You’re Not a Bad Person for Not Forgiving — You’re a Person Still Healing
Author’s note: My personal perspective on forgiveness has been shaped by Pete Walker’s The Tao of Fully Feeling, which centers on emotional honesty and grief as pathways to self-protection and, when possible, chosen forgiveness.
Many people feel guilty for not being able to forgive someone who hurt them. They’re told forgiveness is necessary to heal, to move on, or to find peace. When forgiveness feels out of reach, it can create shame on top of pain.
Here’s the truth: you are not failing. You are still healing.
Why Forgiveness Can Feel So Hard
After emotional injury, especially trauma, the nervous system focuses on protection. Your brain and body may still register threat, even if the danger has passed. When this happens, forgiveness can feel unsafe or premature.
Hesitation to forgive is often a sign that important emotions like anger, grief, or fear still need space. These feelings are not barriers to healing. They are part of it.

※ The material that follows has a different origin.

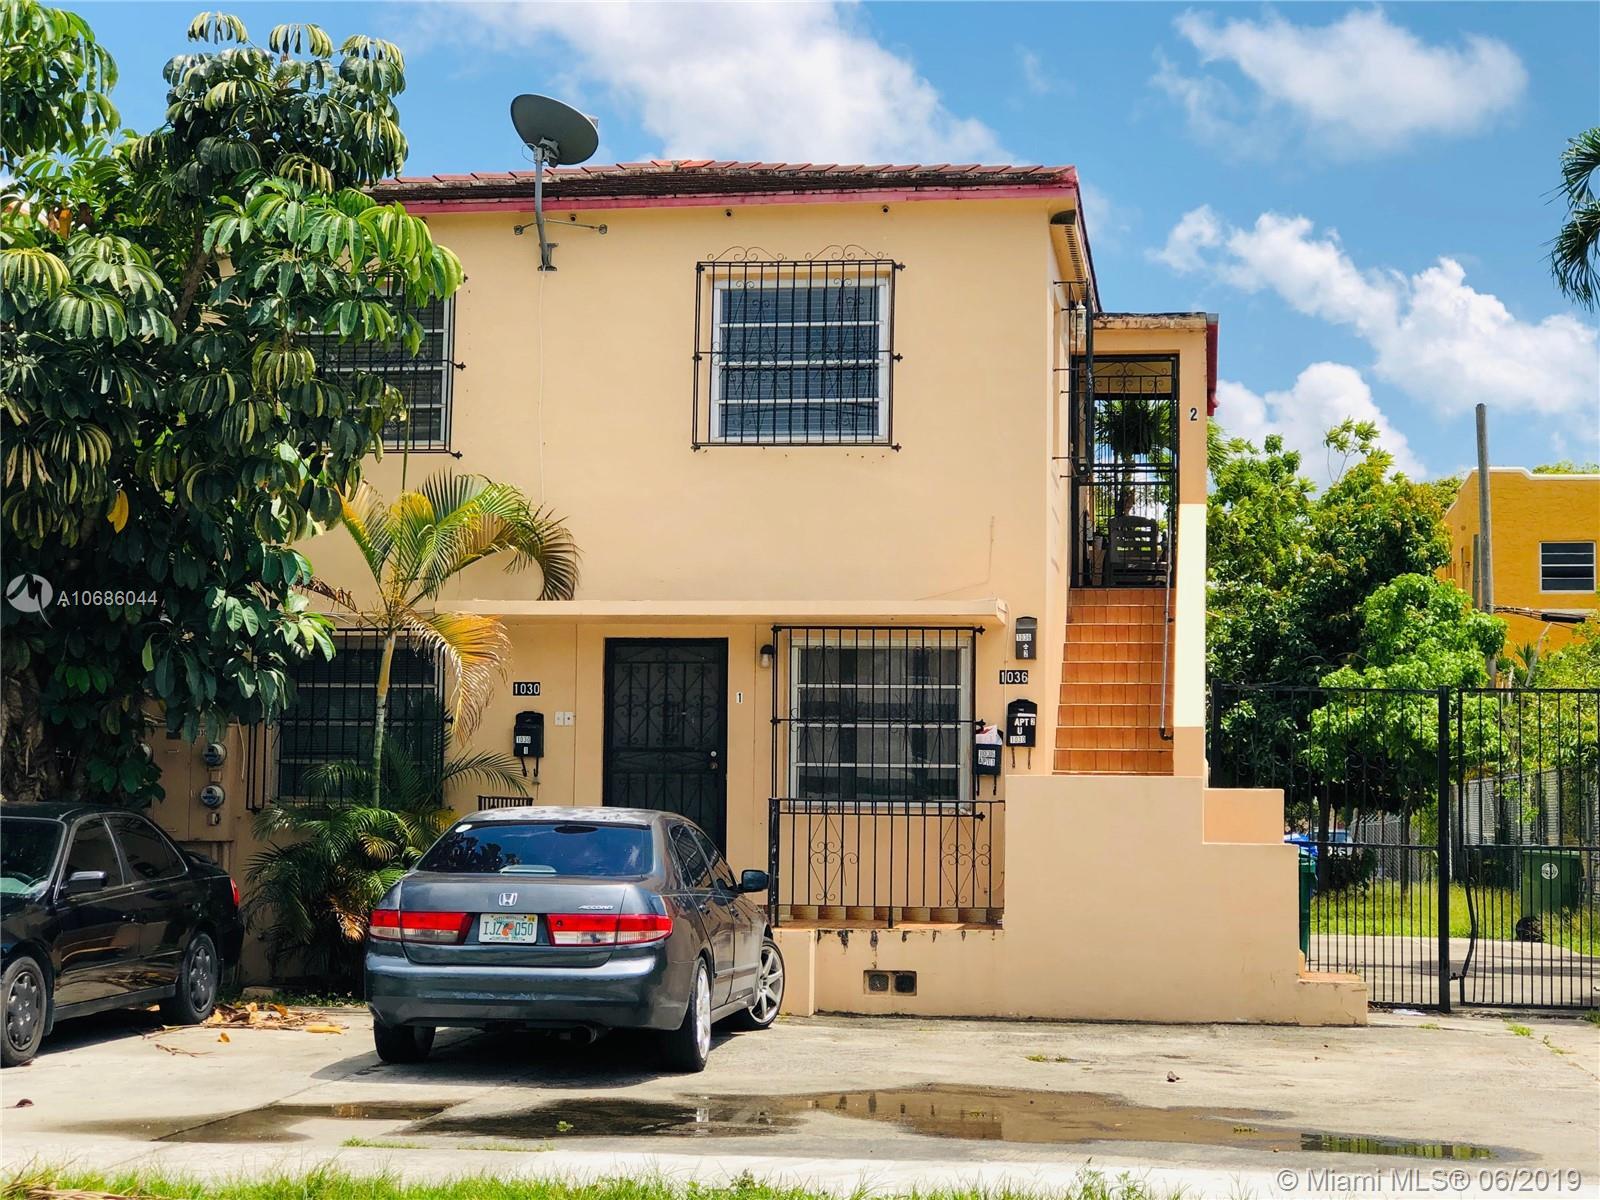 1030 NW 3rd St, Miami, FL 33128

Forgiveness Is Not Reconciliation
Forgiveness is an internal process. Reconciliation is a relational one. They are not the same.
You can choose to forgive and still maintain distance, boundaries, or no contact. Trauma-informed care cautions against confusing forgiveness with reconnecting, especially when accountability or safety is absent. Doing so can increase the risk of retraumatization or self-blame.
What Research Says About Forgiveness
Research distinguishes between decisional forgiveness, a conscious choice to let go of revenge, and emotional forgiveness, a gradual change in feelings. These do not always happen at the same time.
Both have been linked to well-being over time, but neither can be forced. Studies also show that pressuring people to forgive can increase distress, particularly after trauma.
A Trauma-Informed View
My perspective on forgiveness has been shaped in part by Pete Walker’s The Tao of Fully Feeling, which emphasizes emotional honesty and grief as essential to healing. In this view, forgiveness is not a moral requirement. It may emerge after emotions are fully felt and safety is restored.
If Forgiveness Isn’t Available Yet
Instead of asking whether you should forgive, consider asking what you need to feel safe, grounded, and whole right now. For some, that means stronger boundaries. For others, it means time, support, or space.
Forgiveness, if it comes, should be chosen, not demanded.
Final Thoughts
You are not broken for not forgiving. Healing is about restoring safety, agency, and self-trust, not meeting an external expectation.
If forgiveness fits your journey, it will arrive on your timeline.